Setting up policies for TeamViewer Backup will determine what files and folders are backed up on your endpoints and how often the backups occur. TeamViewer Backup is available for Windows and macOS devices.

File Selection

Determine the level of backup required:

Hint: To see exclusions or included file types, click the blue "i" icon to the right of each option inside the policy.

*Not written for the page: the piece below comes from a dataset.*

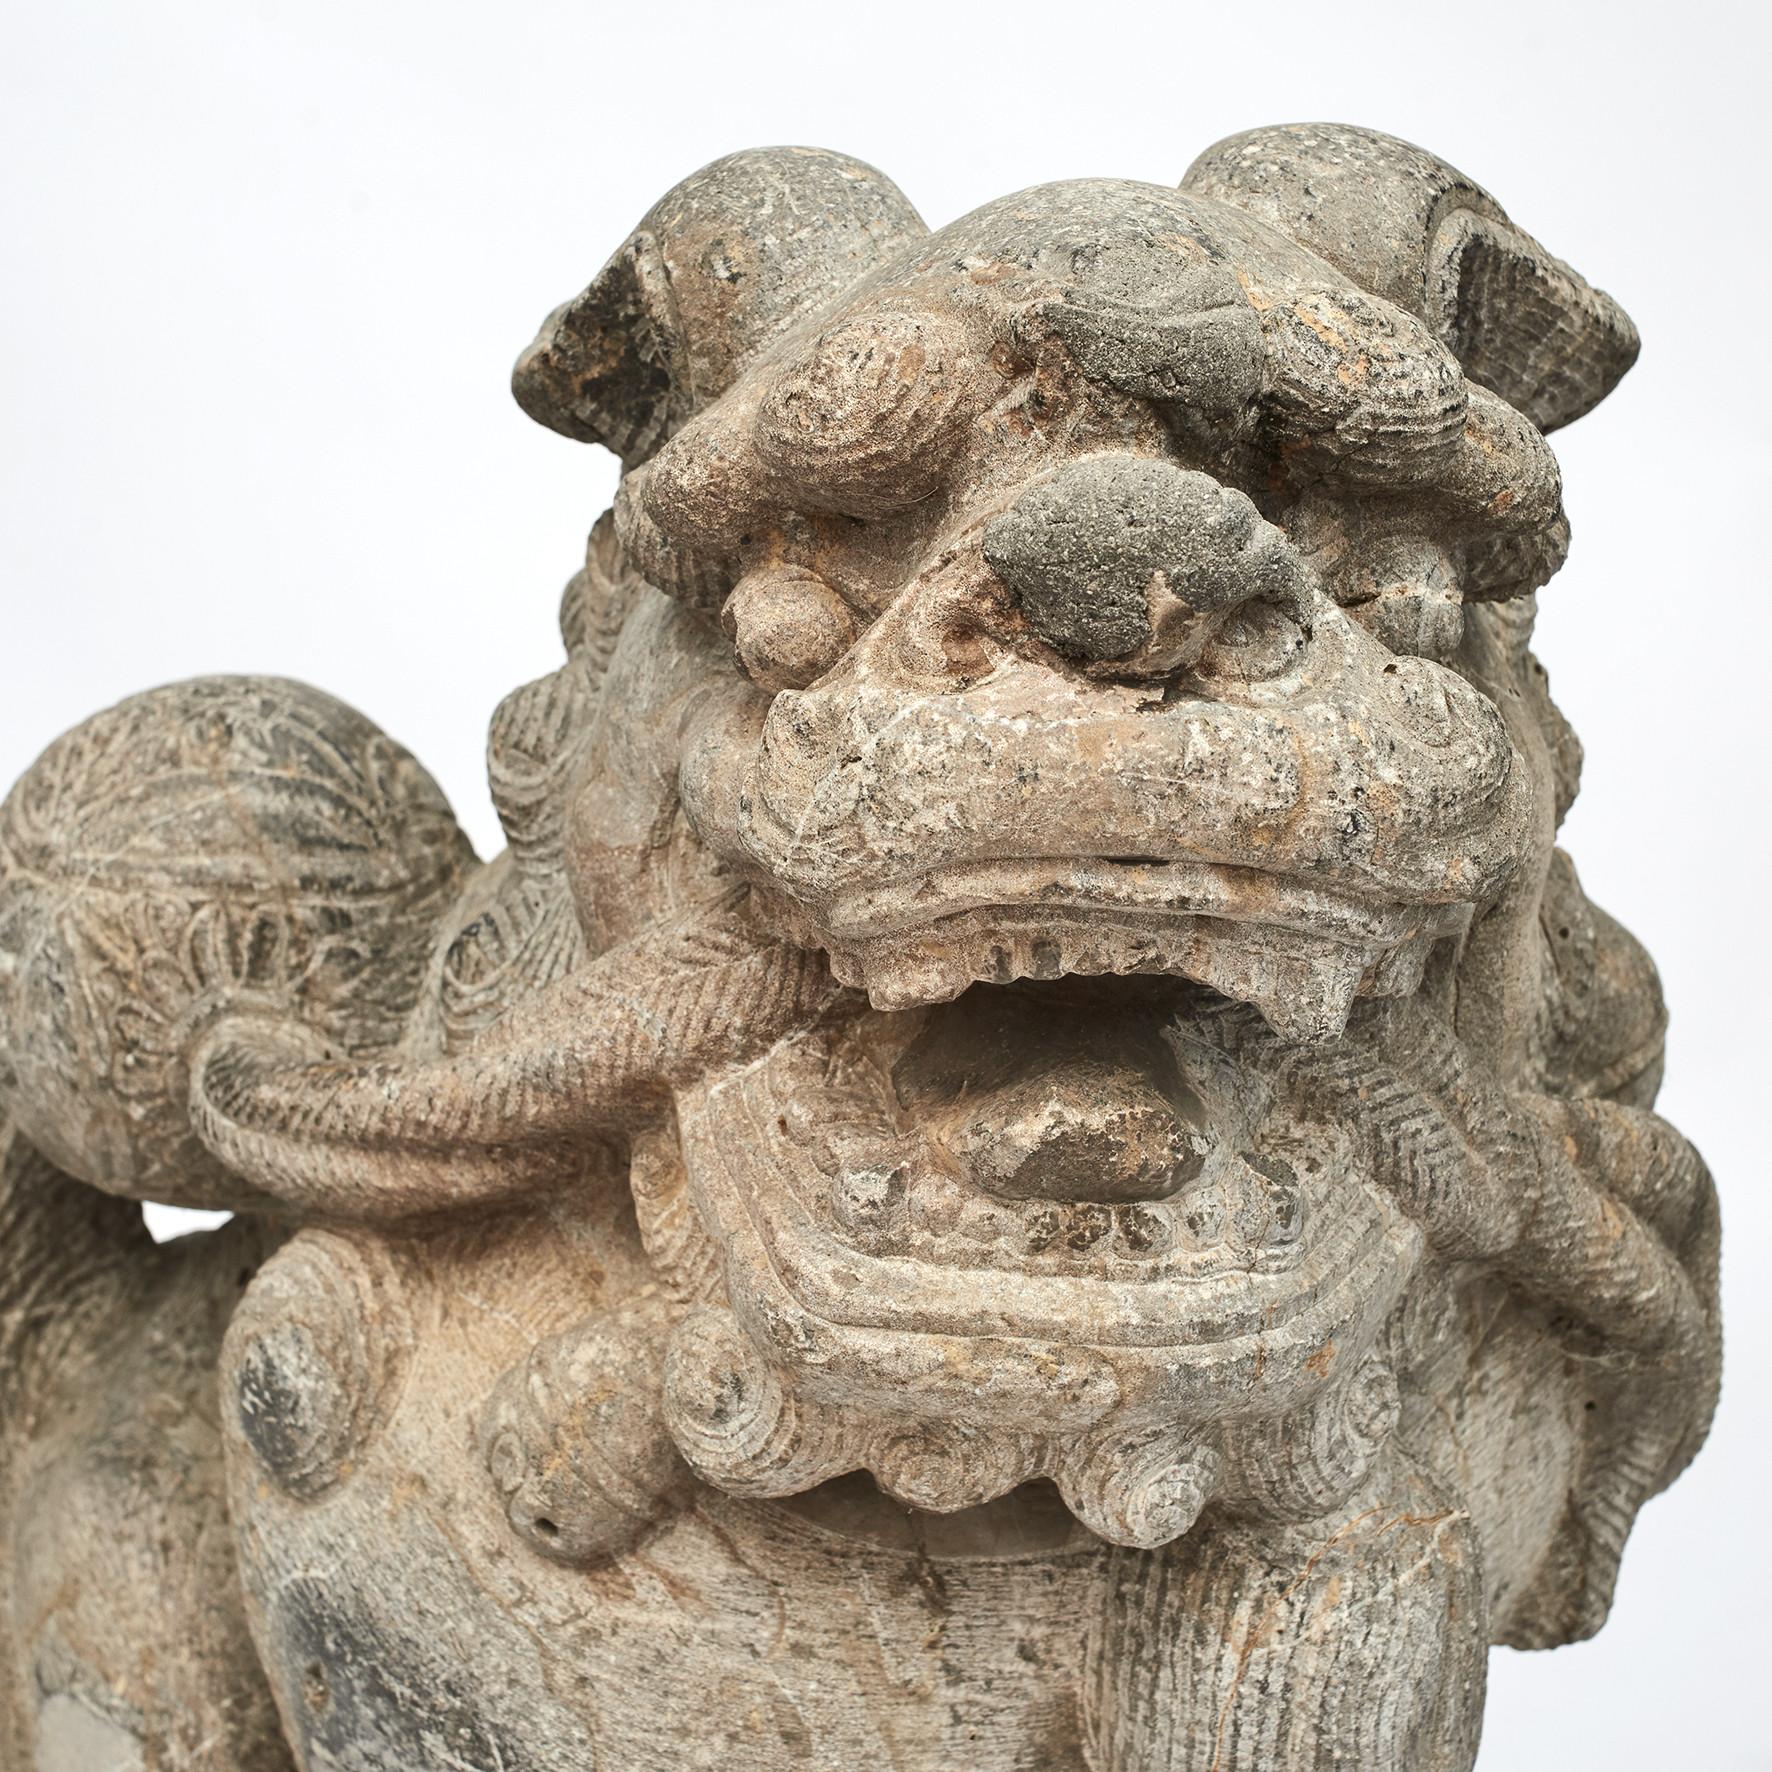 Rare pair of large Chinese carved stone foo dog guardian lions. Originated from a house of a mandarin (a public official in the Chinese Empire), located on The Silk Road.
Here they were placed in front of the gate, with the gate doors mounted on

• Full Selection - All Windows drives/macOS users folders will be backed up. Some exclusions apply
• Quick Selection - Specific filetypes are included, broken into four categories:
  • Office files
  • PDFs/ebooks
  • Emails
  • Pictures
• Advanced Selection - Specified disks, files, or folders are backed up

Manage exclusions

Specify which disks, files, or folders that should be excluded from backups.

Backup schedule

Specify when/how often the backup should occur. Backup can be run in intervals (every 30 minutes - 8 hours), or on a schedule (Every day/specific days and what time).

Bandwidth throttling

Sets the threshold for the amount of available bandwidth provided to TeamViewer Backup. Thresholds are set in a specified time frame and max bandwidth.

Notifications

Enable/disable email notifications for when backups fail, or restores are successful.